Method n=0 n=20 n=50 n=100
ProbCons 1.10 46.65 50.17 51.07 51.62
MAFFT 5.662 L-INS-i 46.19 51.26 53.67 54.14
MAFFT 5.662 E-INS-i 44.85 50.16 52.77 53.33
MAFFT 5.662 G-INS-i 42.82 * 51.28 53.87 55.37
TCoffee 2.46 42.20 ** 47.39 ** 48.80 ** 48.50 **
MAFFT 5.662 FFT-NS-i 43.34 ** 49.49 50.65 ** 50.74 **
Muscle 3.52 (most accurate option) 43.14 ** 46.39 ** 47.05 ** 48.87 **
MAFFT 3.89 † FFT-NS-i 38.21 ** 44.26 ** 45.52 ** 42.85 **
ClustalW 1.83 36.77 ** 36.57 ** 37.33 ** 36.77 **
† Obsolete version of MAFFT. The difference from the new FFT-NS-i (v5.662) is only parameters (--jtt 200 --op 2.4 --ep 0.06 in v3.88, whereas --bl 62 --op 1.53 --ep 0.123 in v5.662).

SABmark version 1.65

The SABmark tests shows similar results to HOMSTRAD. However, two parameters (--op and --ep) of MAFFT were determined by applying the FFT-NS-2 algorithm to a subset of SABmark and the training set is included in this analysis. So this might be biased to MAFFT. L-INS-i and E-INS-i have four and six more parameters, respectively. These additional parameters have not yet closely tuned. Accuracy values of L-INS-i can be further increased. This parameter set is not yet adopted as default.

Method n=0 n=20 n=50
MAFFT 5.662 L-INS-i 44.62 (19.30) 48.79 (22.04) 49.65 (22.29)
MAFFT 5.662 E-INS-i 42.53 (17.74) 45.99 (19.66) 48.94 (21.64)
MAFFT 5.662 G-INS-i 42.25 (18.38) 47.69 (21.88) 51.47 (23.53)
TCoffee 2.46 42.48 (17.74) 42.93 (17.45) 44.12 (17.41)
ProbCons 1.10 43.03 (17.28) 42.34 (16.82) 42.22 (16.74)
MAFFT 5.662 FFT-NS-i 37.11 (15.28) 40.13 (17.42) 44.48 (18.61)
Muscle 3.52 (most accurate option) 36.53 (14.39) 36.74 (15.55) 38.33 (16.41)
MAFFT 3.89 † FFT-NS-i 30.59 (11.45) 34.01 (13.52) 34.68 (14.62)
† Obsolete version of MAFFT. The difference from the new FFT-NS-i (v5.662) is only parameters (--jtt 200 --op 2.4 --ep 0.06 in v3.88, whereas --bl 62 --op 1.53 --ep 0.123 in v5.662). The fD values for SABmark tests

OXBench

For the master subset of OXBench, MAFFT-L-INS-i is less accurate than Muscle, ProbCons and ClustalW. The difference between MAFFT and other methods is statistically significant. In contrast, L-INS-i significantly outperforms other methods in the extended subset of OXBench.

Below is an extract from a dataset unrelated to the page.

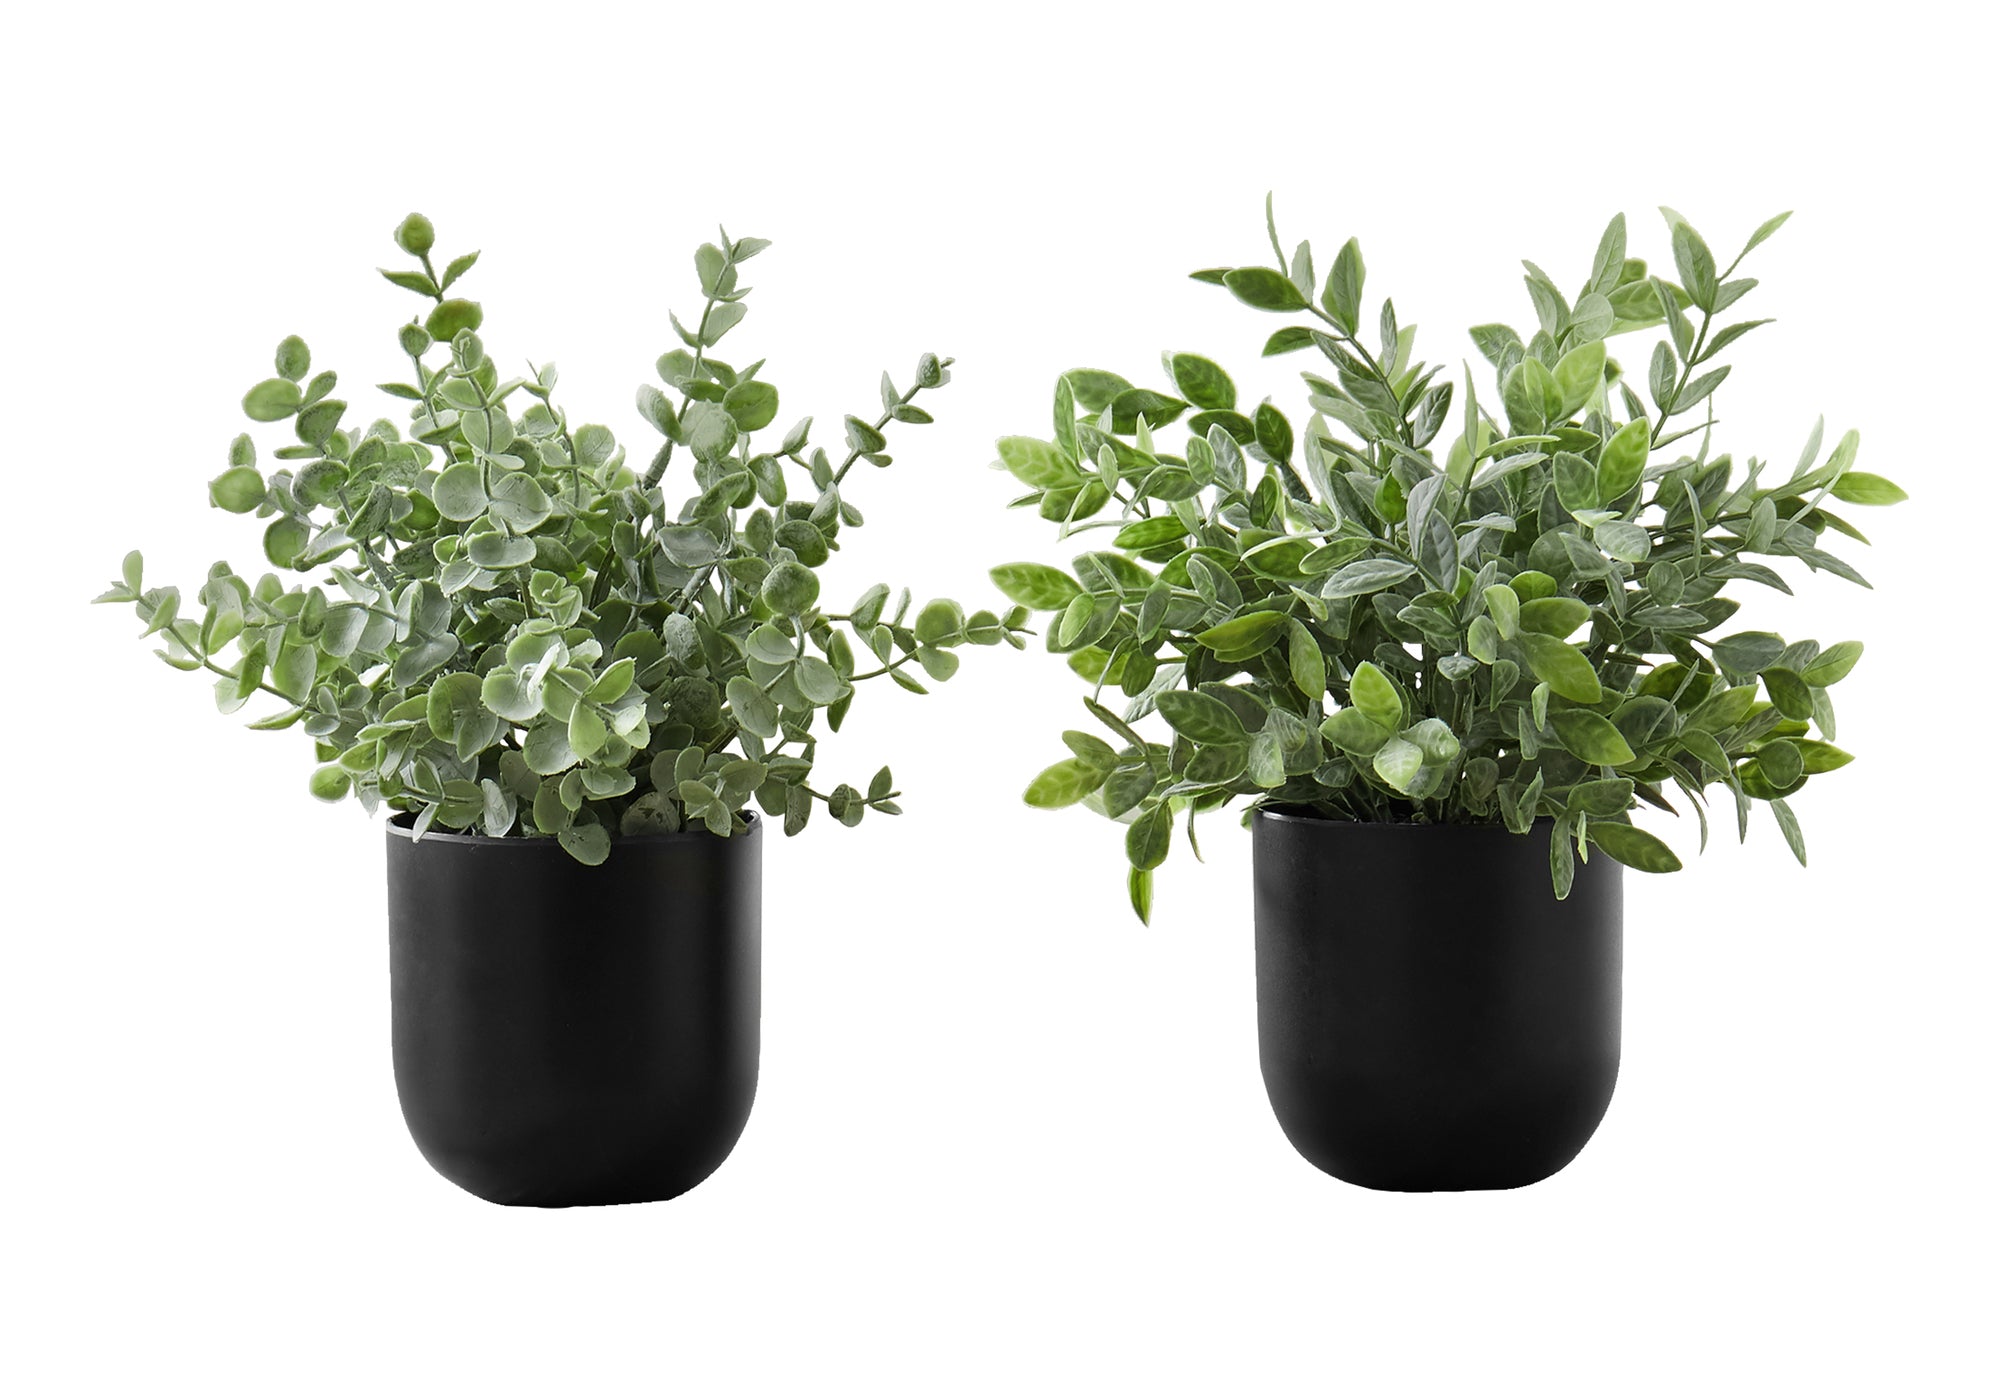 MN-709580    Artificial Plant, 11" Tall, Eucalyptus Grass, Indoor, Faux, Fake, Table, Greenery, Potted, Set Of 2, Decorative, Green Leaves, Black Pots
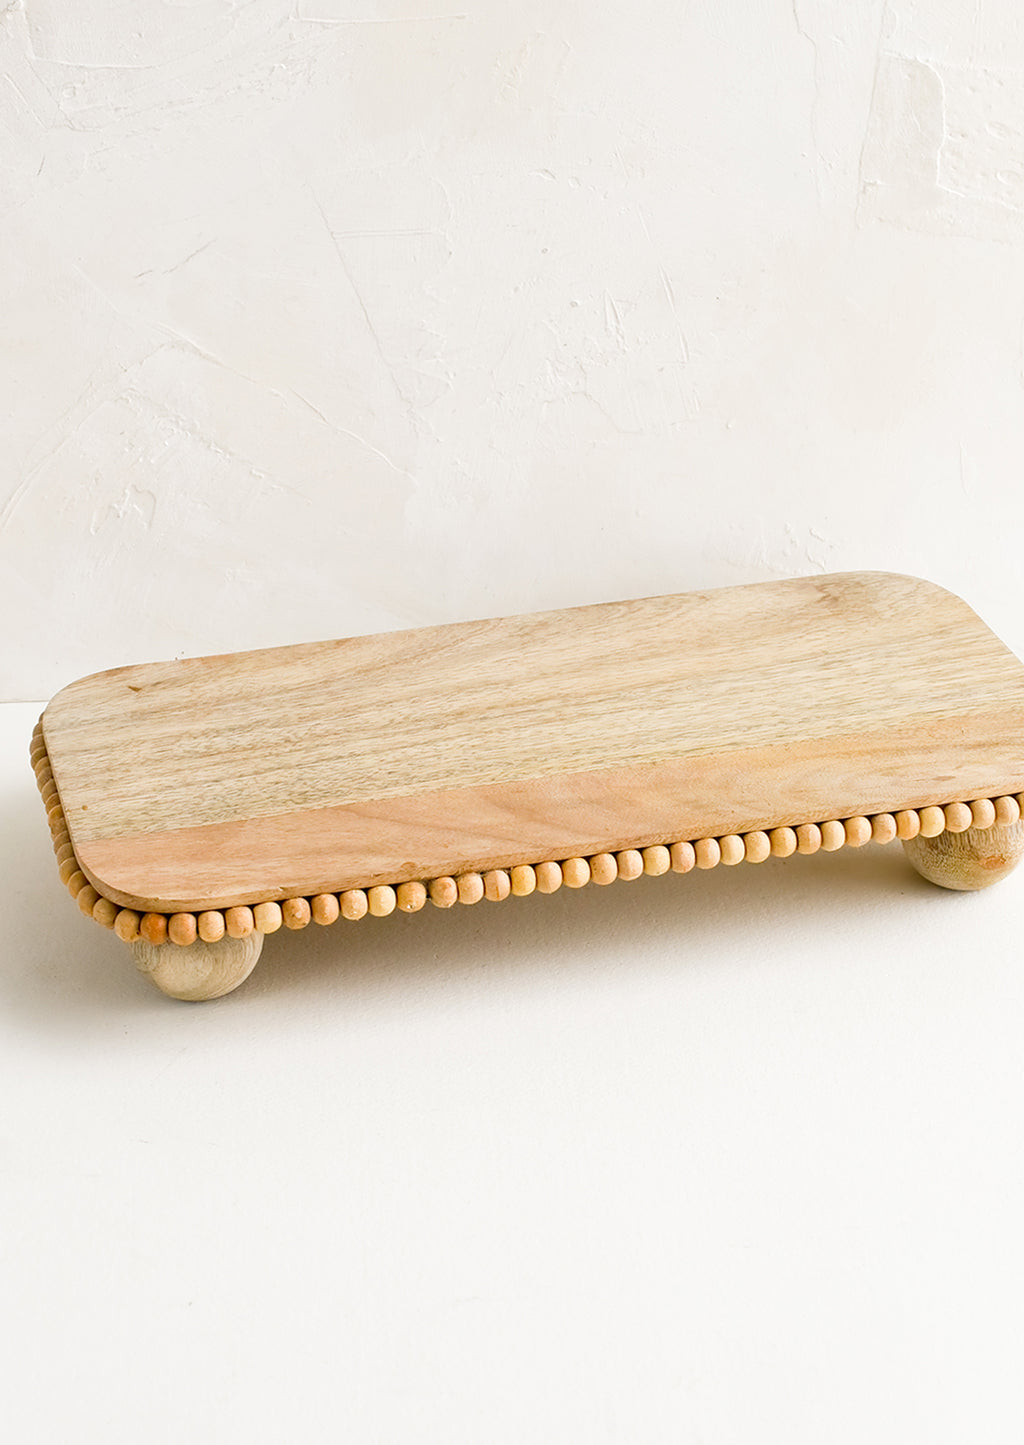 2: A rectangular wooden riser with round feet and beaded detail.

Method master (∼5.7 seqs) extended (∼99 seqs) full (∼6.0 seqs)
Muscle 3.52 (most accurate option) 84.37 / 7.306 86.76 ** / 7.339 ** 74.22 ** / 6.750
ProbCons 1.10 84.12 / 7.261 ** 87.79 ** / 7.108 ** 75.14 / 6.753
MAFFT 5.662 L-INS-i 83.01 ** / 7.226 ** 88.80 / 7.409 74.75 ** / 6.761
MAFFT 3.89 FFT-NS-i 82.77 ** / 7.210 ** 86.09 ** / 7.302 ** 73.83 ** / 6.677 **
ClustalW 1.83 83.80 / 7.300 83.29 ** / 7.178 ** 72.68 ** / 6.691
The column / stamp scores are shown for each method. † Obsolete version of MAFFT. The difference from the new FFT-NS-i (v5.662) is only parameters (--jtt 200 --op 2.4 --ep 0.06 in v3.88, whereas --bl 62 --op 1.53 --ep 0.123 in v5.662).

IRMBase

IRMBase is a benchmark for entirely different situations from BAliBASE. The each reference alignment of IRMBase has short conserved motif(s) embedded in long unalignable residues. The number of motif(s) is 1, 2 or 3 in ref1, ref2 or ref3, respectively. In such situation, DIALIGN-T and E-INS-i work well. For ref3, E-INS-i works well because of generalized affine gap costs. E-INS-i also works well for ref1 because of the parametes (--ep 0 in E-INS-i), not because of the algorithm.

Method Ref1 Ref2 Ref3
DIALIGN-T 83.02 80.86
MAFFT 5.662 E-INS-i 87.64 80.42
MAFFT 5.662 L-INS-i 76.50 63.07
TCoffee 2.46 68.08 65.43
ProbCons 1.10 51.80 60.65
MAFFT 5.662 FFT-NS-i 34.60 47.86
Muscle 3.52 (fastest option) 34.60 45.99
Muscle 3.52 (most accurate option) 10.88 25.27
MAFFT 3.89 † FFT-NS-i 58.20 68.41
MAFFT 5.662 G-INS-i 44.83 32.95
ClustalW 1.83 0 5.296
The fractions of correctly aligned sites (%) are shown.